Huns Invent Rugby

How the Huns Invented Rugby…

it is but of course a true story!

Once upon a time there was a quaint little country known as Mongolia that was populated by a race of people who were all hyperactive during their formative years. We say they were only hyper during their formative years, but the average Hun (for that is what they called themselves) never really completely finished forming. To release their pent-up energy, the Huns would kill people. Since it was considered impolite to kill people at night, the Huns drank themselves into a catatonic state by imbibing great quantities of strange fermented liquids – the potency of which has only been matched in modern day by the Worm-Killing Tequila. It was a happy time in Mongolia with all the killing and drinking and all.

One year, a stranger wearing a red coat and carrying a case of gifts spoke of the time after Turkey Killing Day (the day where turkeys were killed instead of people) and before the Night of the Bubbly Fermented Liquid Frenzy and proclaimed it a time called the holiday season. He said that killing people during this time was a very rude thing to do since the rest of the world was pretty much in a good mood and going around being nice to each other. The Huns listened, considered the stranger’s words, and then promptly killed him – since it was not yet Turkey Killing Day.

When the day came for the turkey frenzy, the Huns decided to be polite (since a polite race of people they were) and follow the advice of the strange traveler who was no longer traveling, but lying in a heap by the dinner table. The celebration of their civil ways led to much drinking and many catatonic states, but this only proved to be a sufficient distraction for about thirty minutes before the hyper nature of the Huns demanded that unadulterated violent acts be performed.

Finally, one Hun had the idea of killing people who were already dead. And to demonstrate his brainstorm (very rare in Mongolia) he went and pulled the head off the stranger’s carcass with a certain look of glee. He drew such joy from the act that he began to run around all of Mongolia celebrating the brazen act. He was so excited that he outran everyone who wanted to get a good look at the rotund white thing he seemed to be so excited about.

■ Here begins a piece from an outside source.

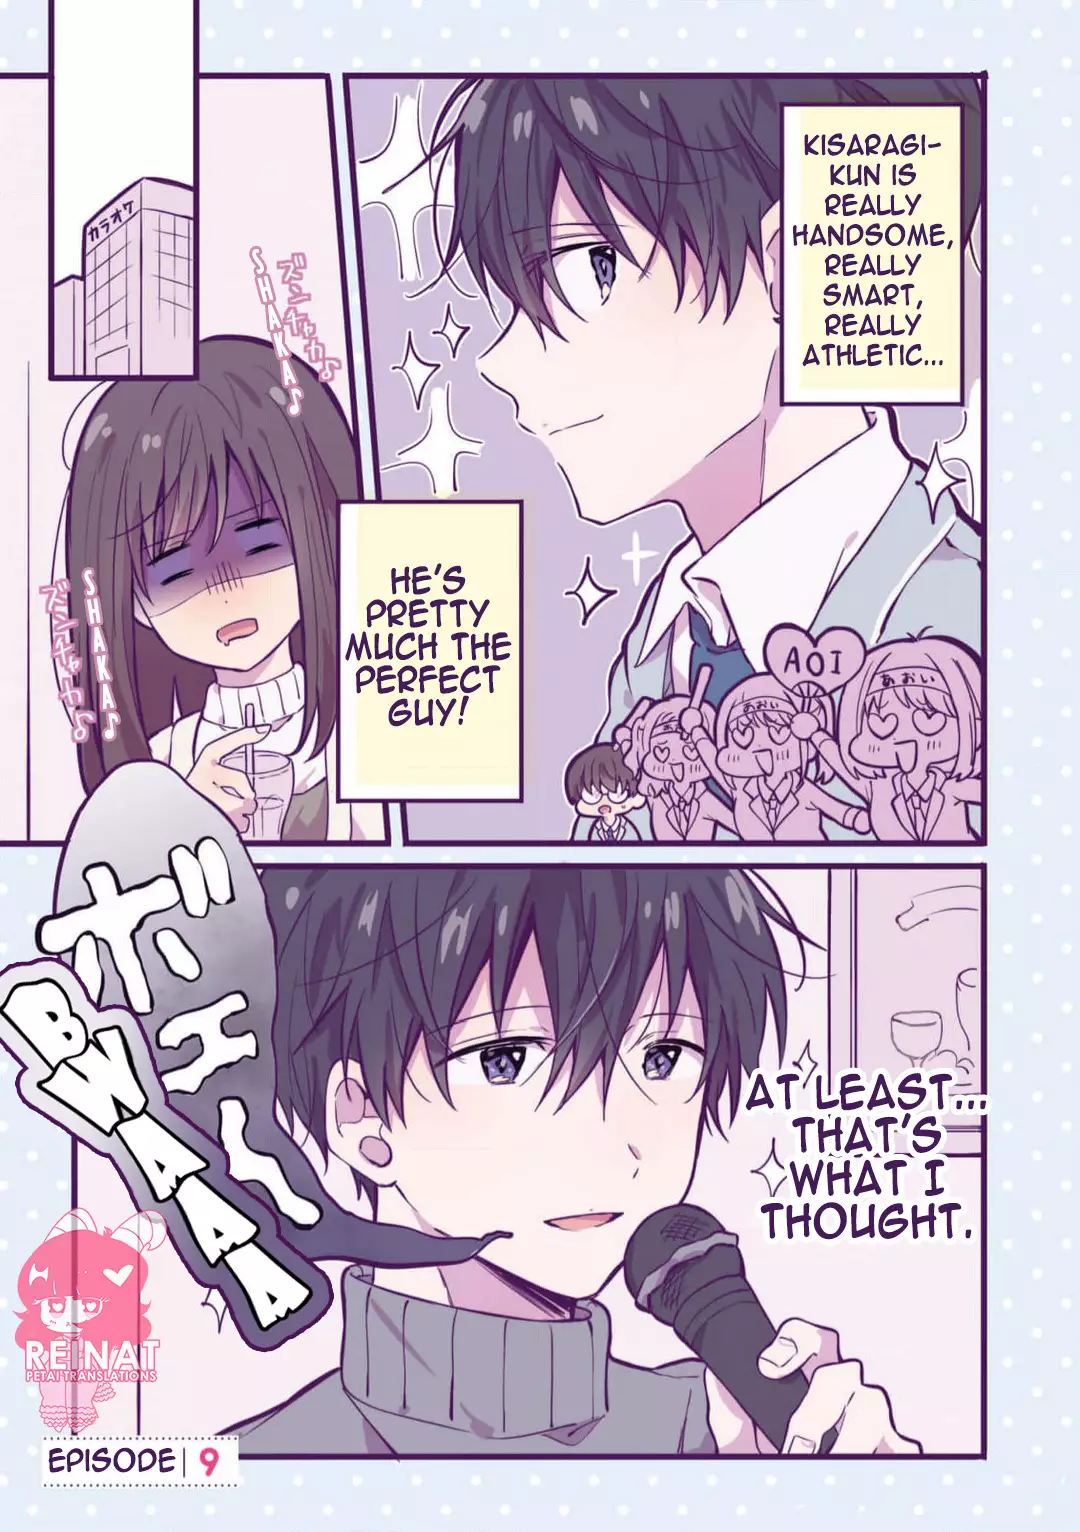 A First-Year High School Boy Whose Hobby Is Cross-Dressing - 9 page 1-8e9d81b5

After many Himalayas were jaunted over and around, he finally began to tire and long for some fermented liquid. So he tossed the pale round head to a fellow Hun who was desperately trying to catch up to him. When the first chaser saw he was about to solve the mystery of the what the white thing in the arms of the fellow Hun was, he burst ahead in sweet anticipation of solving the mystery. When he saw it was the head of the man with the dreaded holiday news, he ran and jumped for joy with a pack of Huns chasing him. This continued for many moons.

The heavier, larger, and tougher of the Huns almost began eating people again. They preferred to swill more fermentment than jaunt Himalayas, and by the time they bored of their catatonic states and killing of dead people, the head was nowhere to be found. When all the dead were really dead they began to butt heads in-between catatonic states. When this wasn’t enough, they began to butt heads while other people pushed on each contestant from behind. And when this wasn’t enough, they lined up three people to butt heads with three other people with a whole slew of people to slam them together.

Just when they were bored with this, the Himalaya Jaunters returned with the head and showed it to the Butters who recognized the goodness of the severed head. They immediately discovered the joy of caressing the head while running at full speed into each other. The Butters became known as the Bangers.

Issues developed when the Jaunters were no longer tired and they wanted their head back, but the Bangers were having so much fun, they refused to let Jaunters have it. Things were starting to look bad.

Then came a Hun known only as Grim. Grim knew that after the day of the bubbly fermented swill, it would be time to start killing people again, and that killing was more fun when you had the jaunters chasing people down just so the Bangers could bang into them, and he knew that a solution must be found or the killing might not occur. He proclaimed himself a banger in a Jaunter’s body and held up a book from the crate that the man had left behind, and spoke “I know when to bang, and when to jaunt. Soon killing must commence, and I will let all know when to bang and when to jaunt by passing the great white round trophy.” The Huns saw it was good, and after the bubbly fermented drinking day, they went to Europe to kill people, and the day was grand.

It is said that a pansy prince not wanting to be killed looked down upon the Huns from his tower, and saw amidst the killing the alternating of the banging, and the jaunting that corresponded to the passing of the mysterious white moldy looking thing, and he became curious. At night, when the Huns are polite, he approached the one known as Grim, and learned of the story and was invited to partake in the fermented liquid. The morning after, with head hung, and before being killed, he wrote the story in his diary which was discovered in the 18th century by a historian at the college of Rugby.

And now you know how the Huns – with the help of a little holiday spirit – invented rugby.